So I’ve been thinking a lot about curation and its role in contemporary social life. I’ve had such thoughts before, and have since expanded upon them. Here’s where I am…

Curation is the act of picking and choosing, marginalizing and highlighting, adding, deleting, lumping, and splitting. Social life in itself is highly curatorial, as social actors necessarily filter infinite masses of stimuli, selecting and preening in intricate ways while sculpting performances out of the broad slabs that constitute affect, body, and demeanor. In what follows, I argue that new technologies—and social media in particular—amplify curation, facilitating its operation as a key organizing principle of augmented sociality.

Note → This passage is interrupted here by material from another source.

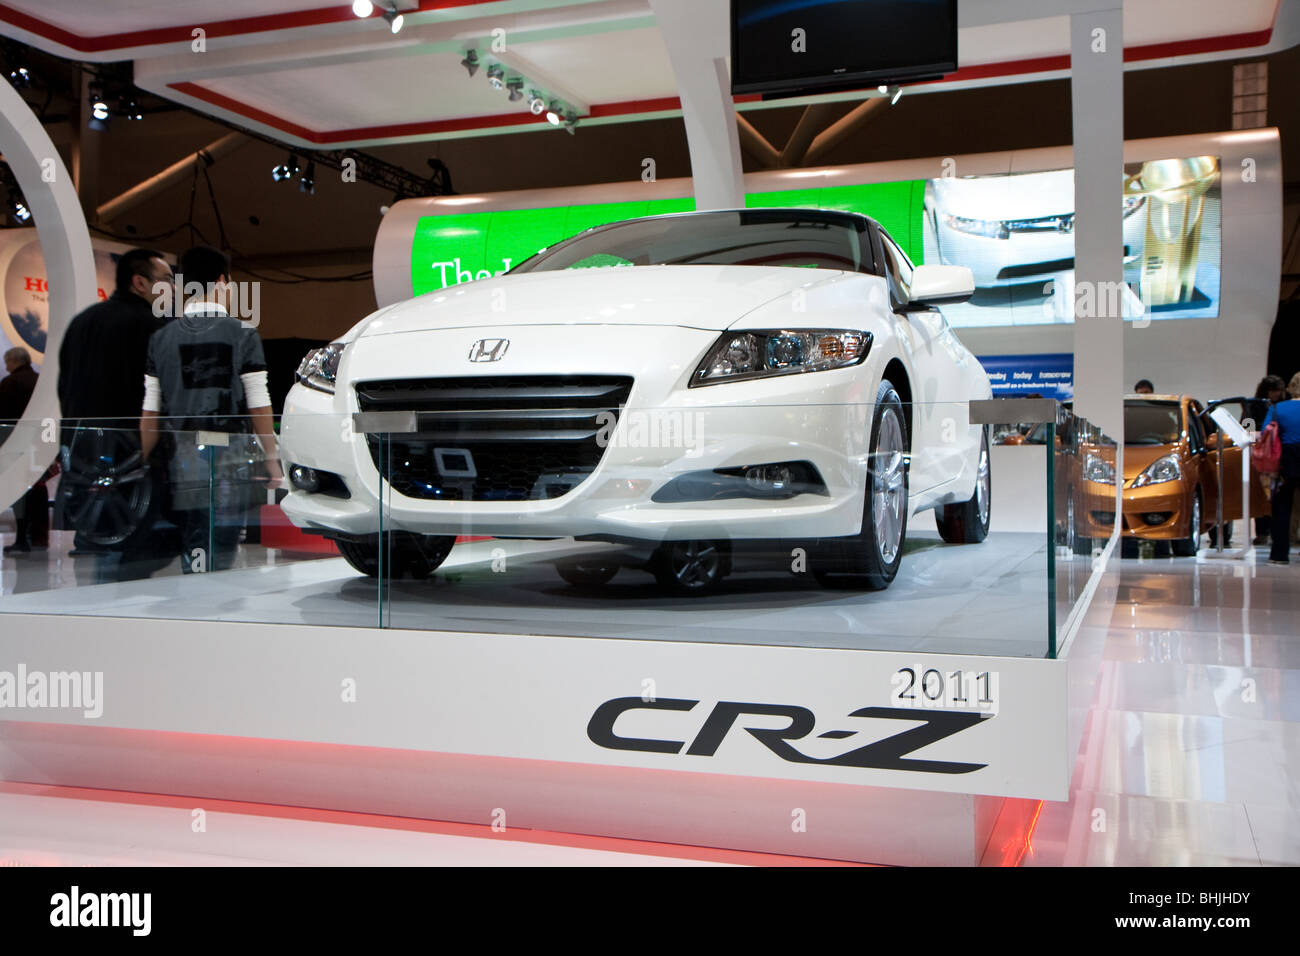 Honda CR-Z Intersection Photo Gallery

Specifically, I briefly outline a three-pronged theory of curation, in which social actors curate their own performances, curate what they see, and are always subject to curatorial practices of others—both human and machine. I refer to curated performance as outgoing curation, curated viewing as incoming curation, and curation at the hands of others as third-party curation.

Outgoing Curation

Performances of self and identity through social media are highly curated. By default, one cannot share every detail of hirself, in all places, at all times. Rather s/he constantly chooses what to reveal, what to conceal, when to do so, and for whom. Such decisions are complicated by the affordances of various social media platforms. Context collapse on Facebook, for instance, means that the social actor has to manage hir performance in ways that appeal to vastly disparate network nodes. Similarly, the affordances of many platforms are such that content can be saved, replicated, and edified in ways that shape not only how the social actor appears, but who the social actor can later become.

Loads of research address the curatorial practices of identity performance through social media. Users can elect to post only flattering pictures, curating their physical images. They can engage in the lowest common denominator approach, sharing only that which will be appropriate for the most sensitive members of the audience. They choose which news stories to share, which annoyances to rant about, when to #humblebrag, when to tag, when to check-in, and when to keep quiet. Users can utilize Fakebooks, aliases, and privacy settings to disperse different performances amongst different audiences. Users can share content through ephemeral media, such as Snapchat, reclaiming one-to-one communicative practices and electing to perform in mediated ways, without leaving artifacts behind. Or, as participants in my own study of social media have said, they can show the “highlight reel,” emphasizing fun, friendship, and success, while largely ignoring the “heavy stuff.” Alternatively, they can utilize social media as a stage on which to elicit sympathy and encouragement, or to perform collective action and political activism.


Incoming Curation

Of course, those who engage social media do more than perform. They also view performances. And the show is highly curated.  I call this selective visibility. The relevance of the audience role for social media users becomes clear in Whitney Erin Boesel’s (@weboesel) reconceptualization of friendship practices, in which she argues that the new labor of friendship falls not to the storyteller, but the reader, who is obligated to sort through bushels of content to glean the important performative acts of one another.

The issue has been well addressed in terms of news and political content consumption. Much of this research shows that people seek out confirmation, creating something of a bubble effect.  At the social level, social media users block, unfriend, skim, and ignore, looking for that which they find relevant, reality confirming, friendship affirming and so forth. In my  own research, I saw that people base these decisions on political affiliation, closeness of ties, and general demeanor (i.e. they delete/block/skim over network connections who are “immature,” politically offensive, politically correct, too happy, too sad, too braggy, too boring etc.).

Third Party Curation

Both outgoing and incoming curatorial practices are quite laborious. Social media users constantly decide what to share, what do to, where to look, and when to close their eyes. A significant portion of curation, however, is out of the actor’s active control. All curation—both outgoing and incoming—is subject to the curatorial practices and policies of others. These others consist of both social actors in a user’s network, and algorithms that sort content on social media platforms.

A social actor can carefully decide what to share and not share, but other network members play a significant part. First, these others can add to one another’s performances through tags, @ connects etc. Second, they can accept or reject connections the target actor initiates, accepting or rejecting the performance of a connection between them. Moreover, outgoing curation (i.e. performance) is always subject to others’ incoming curatorial decisions. That is, the audience need not read what the performer writes. Concretely, although I may share copious dog pictures on Facebook, other Facebook users can opt not to accept my Friend request, to de-Friend me, to block me, or to skim over the content I’ve shared.

Similarly, incoming curatorial efforts are beholden to the outgoing curatorial efforts of those in one’s network. I may seek out the content of a long lost high school friend, but they may  put me on limited profile, engage in “highlight reel” style sharing, or refuse to grant me access altogether.

Finally, both incoming and outgoing curatorial efforts are further subject to machine-based (though human-written) algorithms. Any site with a feed-style format (e.g. Facebook, Twitter) does not show all content that its user’s share. Rather, each site utilizes an algorithm to share what they deem most relevant. That is, each of our curatorial efforts—both incoming and outgoing—run through a second round of curation, one outside of our control.

I am still thinking through these ideas, so suggestions—and especially citations—for any of the sections are welcome.